Legal uncertainty continues to hang over Khan Resources (KRI-T) and it’s beginning to take a toll on its shares.
Since issuing a Sept. 19 press release regarding the latest legal salvo fired by one of its former officers, and initial holder of the rights to Khan’s three Mongolian assets, the Toronto-based company’s shares have fallen roughly 25%.
In Toronto on Sept. 21 Khan shares were trading at $1.30 on roughly 120,000 shares traded they closed on Sept. 18 at $1.63.
The thorn in the side of Khan comes in the form of one Wallace Mays. Mays was the onetime promoter, director, and officer of Khan, as well as being the former (and Mays would argue, current) mineral rights holder for the Mongolian assets.
After being removed from Khan’s board in October of 2004 — a move made at the insistence of one of Khan’s financial advisors Mays, unbeknownst to Khan management, signed over the Mongolian mineral rights to his own company, W.M. Mining.
The legal merit of such a maneuver is suspect, but Khan has found that fighting against it is tricky.
The company’s first move — back in the summer of this year — was to bring a suit against Mays for his actions in Ontario. However, the Ontario court ruled that because the assets were based in Mongolia, the issue of the legal holding of them was a Mongolian legal issue, and that Ontario didn’t have jurisdiction.
After that decision Khan’s task was to find another avenue to thwart Wallace’s claim. It succeeded when the Ontario court agreed to hear a shareholder oppression case filed by one of Khan’s shareholders, Anthony Weldon. While Weldon’s case is officially against Mays, W.M. Mining, and Khan Resources, the suit has the support of Khan Resources management, and the naming of Khan in the case is a mere legal formality.
The case will be heard on Oct. 12 and Khan says a decision should come that day or shortly after. If Weldon wins his claim, Mays would be prevented from trying to act on his assignment of the mineral rights to W.B. Mining.
However, even if the shareholder oppression case is wrapped up quickly and in Khan’s favour, the company likely won’t be free of the courtroom for some time. That’s because Mays has filed his own suit against some 20 former and presentday Khan officers and directors as well as Dominick and Dominick Securities the investment bankers for Khan.
Mays claims he was misled into selling away shares of Khan Bermuda to Khan Ontario (which is now Khan Resources). Khan Bermuda was wholly owned by Mays and was the former holder of the Mongolian Assets.
Mays initially signed over the majority of the shares to Khan Resources to secure financing for the assets, and while the deal left Mays with a significant percentage of the total shares at the time, that percentage was significantly diluted as Khan went about raising money by issuing more shares.

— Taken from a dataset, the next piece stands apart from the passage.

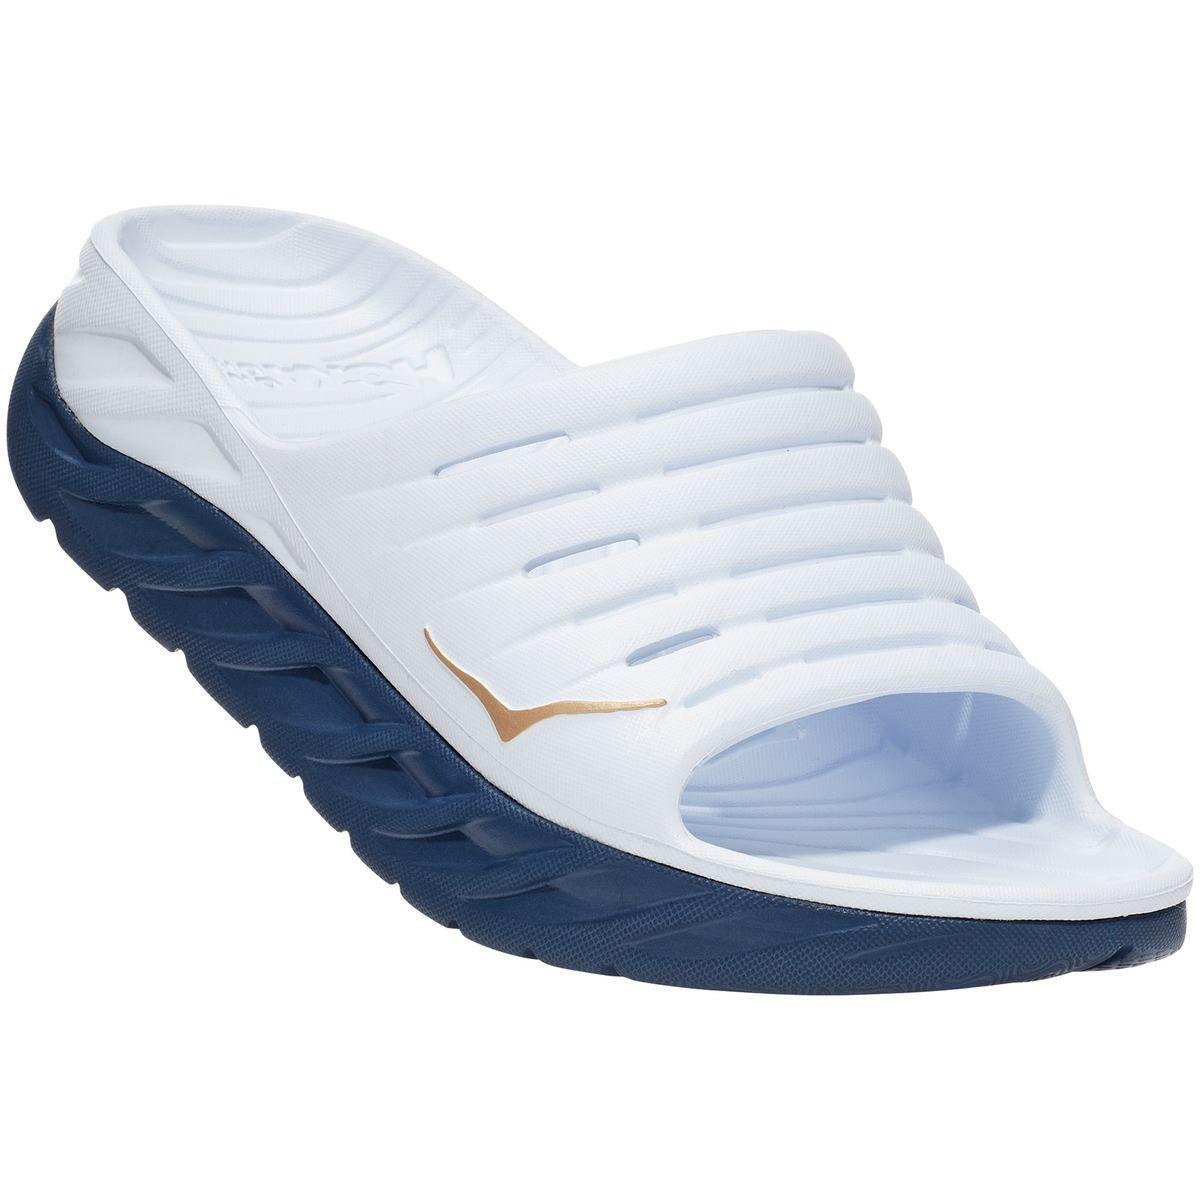 Hvit slippers med blå såle til dame

Khan’s position is that Mays’ suit against it is directly tied to both his reduced position as a shareholder and the defensive position that the Weldon case has put him in.

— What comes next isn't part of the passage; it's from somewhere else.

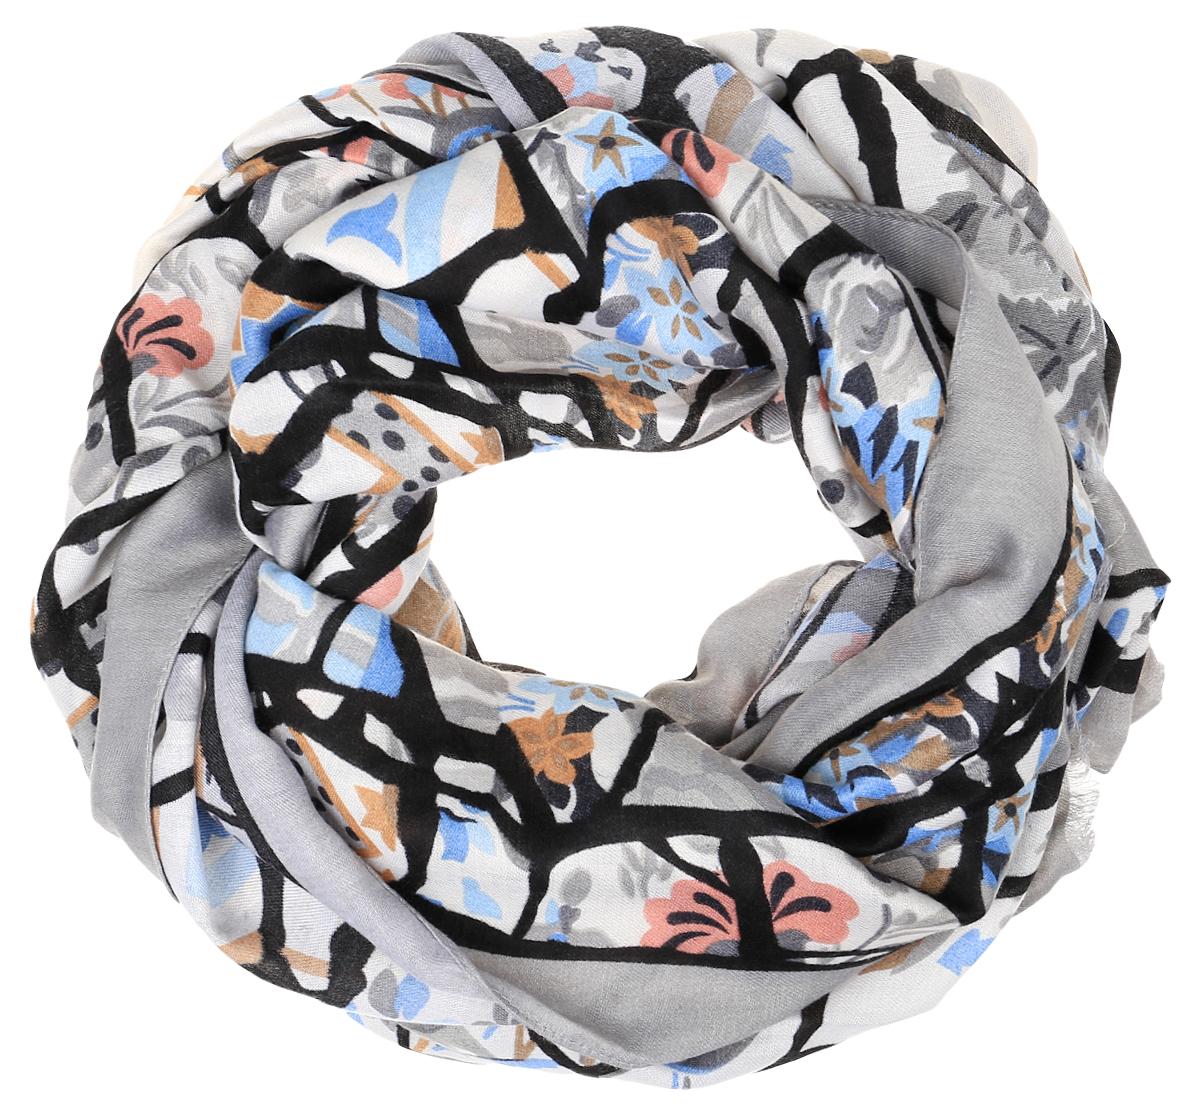 TUTF415-1Женский шарф Fabretti подарит уют и согреет от холодного ветра. Изготовленный из высококачественной вискозы, он очень легкий, мягкий, имеет приятную на ощупь текстуру. Модель оформлена принтом, украшена по краям кисточками. Такой аксессуар станет стильным дополнением к образу современной женщины, стремящейся всегда оставаться яркой и элегантной.

James Doris, Khan’s lawyer, says Mays has not put forward any real defense to Weldon’s oppression claim, and that Mays “appears to be adopting the strategy of the best defense is a good offence.”
“Khan does not believe that Mays’ offence is any good either,” Doris wrote in an email. “But that will ultimately have to be determined by the courts.”
Mays’ legal representative, David Hausman, countered: “It’s not an offensive thing at all. Mays’ claims are serious and they’re made seriously,” he said.